Specify exactly 2 symbols:
Can any of the company-specific risk be diversified away by investing in both Deutsche Post and Bollor SE at the same time? Although using a correlation coefficient on its own may not help to predict future stock returns, this module helps to understand the diversifiable risk of combining Deutsche Post and Bollor SE into the same portfolio, which is an essential part of the fundamental portfolio management process.
By analyzing existing cross correlation between Deutsche Post AG and Bollor SE, you can compare the effects of market volatilities on Deutsche Post and Bollor SE and check how they will diversify away market risk if combined in the same portfolio for a given time horizon. You can also utilize pair trading strategies of matching a long position in Deutsche Post with a short position of Bollor SE. Check out your portfolio center. Please also check ongoing floating volatility patterns of Deutsche Post and Bollor SE.

Diversification Opportunities for Deutsche Post and Bollor SE

0.37
  Correlation Coefficient

Weak diversification

The 3 months correlation between Deutsche and Bollor is 0.37. Overlapping area represents the amount of risk that can be diversified away by holding Deutsche Post AG and Bollor SE in the same portfolio, assuming nothing else is changed. The correlation between historical prices or returns on Bollor SE and Deutsche Post is a relative statistical measure of the degree to which these equity instruments tend to move together. The correlation coefficient measures the extent to which returns on Deutsche Post AG are associated (or correlated) with Bollor SE. Values of the correlation coefficient range from -1 to +1, where. The correlation of zero (0) is possible when the price movement of Bollor SE has no effect on the direction of Deutsche Post i.e., Deutsche Post and Bollor SE go up and down completely randomly.
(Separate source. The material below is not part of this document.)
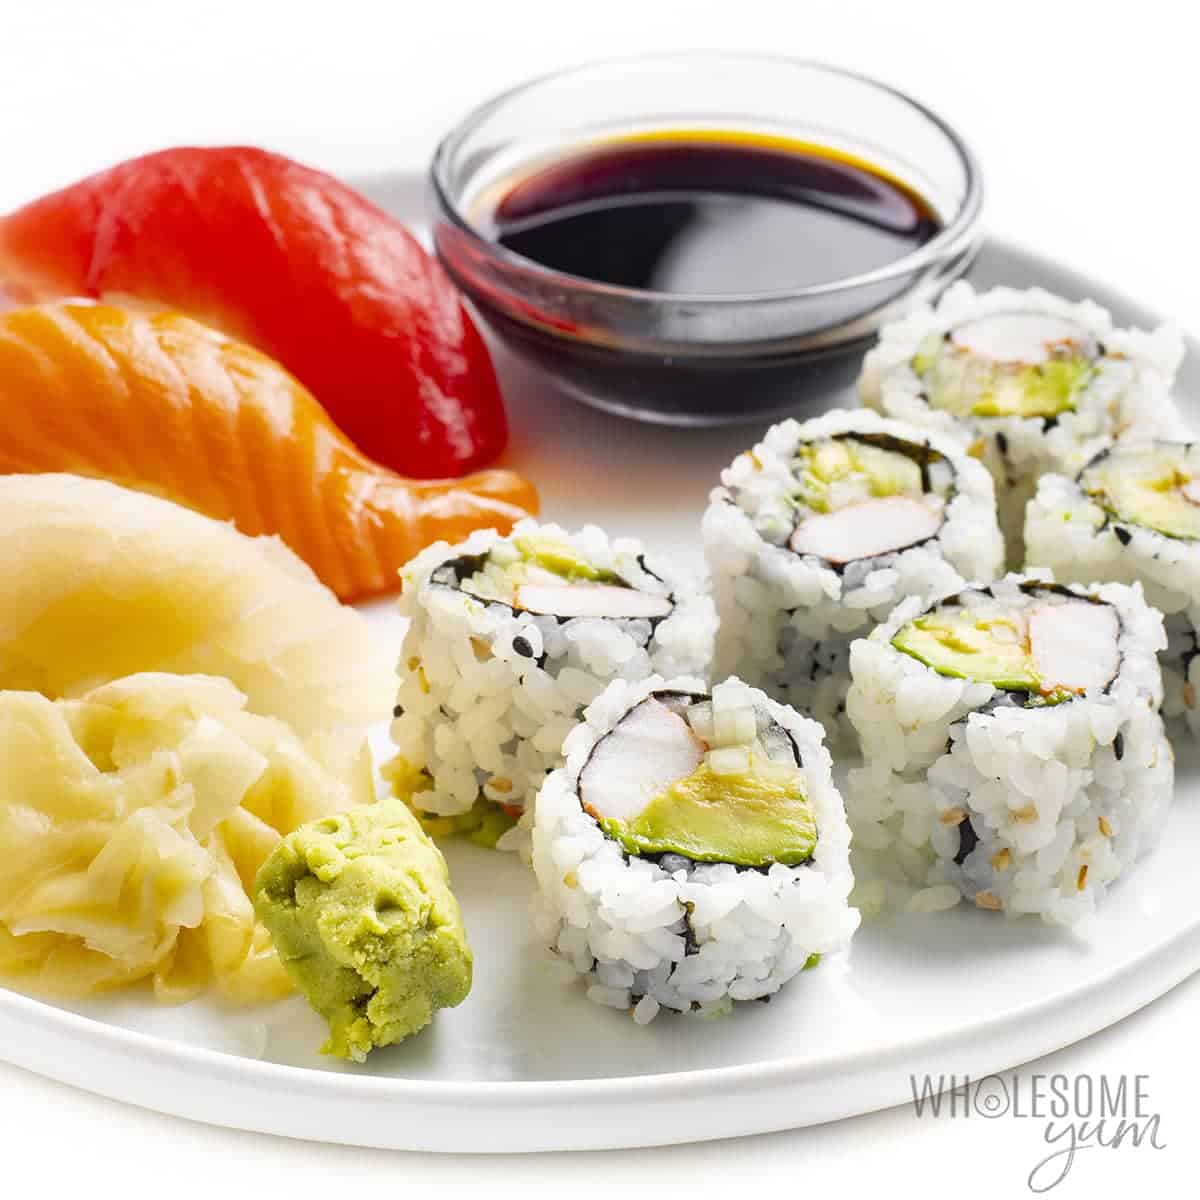 Is sushi keto? Some kinds of sushi can be keto, but this sushi with rice is too high in carbs to be keto friendly.

Pair Corralation between Deutsche Post and Bollor SE

Assuming the 90 days trading horizon Deutsche Post AG is expected to under-perform the Bollor SE. In addition to that, Deutsche Post is 1.34 times more volatile than Bollor SE. It trades about -0.14 of its total potential returns per unit of risk. Bollor SE is currently generating about 0.07 per unit of volatility. If you would invest  574.00  in Bollor SE on October 5, 2024 and sell it today you would earn a total of  8.00  from holding Bollor SE or generate 1.39% return on investment over 90 days.
Time Period3 Months [change]
DirectionMoves Together 
StrengthVery Weak
Accuracy94.44%
ValuesDaily Returns

Deutsche Post AG  vs.  Bollor SE

 Performance 
       Timeline  
Deutsche Post AG 

Risk-Adjusted Performance

0 of 100

 
Weak
 
Strong
Very Weak
Over the last 90 days Deutsche Post AG has generated negative risk-adjusted returns adding no value to investors with long positions. Despite latest conflicting performance, the Stock's basic indicators remain stable and the current disturbance on Wall Street may also be a sign of long-run gains for the company stockholders.
Bollor SE 

Risk-Adjusted Performance

0 of 100

 
Weak
 
Strong
Very Weak
Over the last 90 days Bollor SE has generated negative risk-adjusted returns adding no value to investors with long positions. Despite nearly stable basic indicators, Bollor SE is not utilizing all of its potentials. The current stock price disturbance, may contribute to mid-run losses for the stockholders.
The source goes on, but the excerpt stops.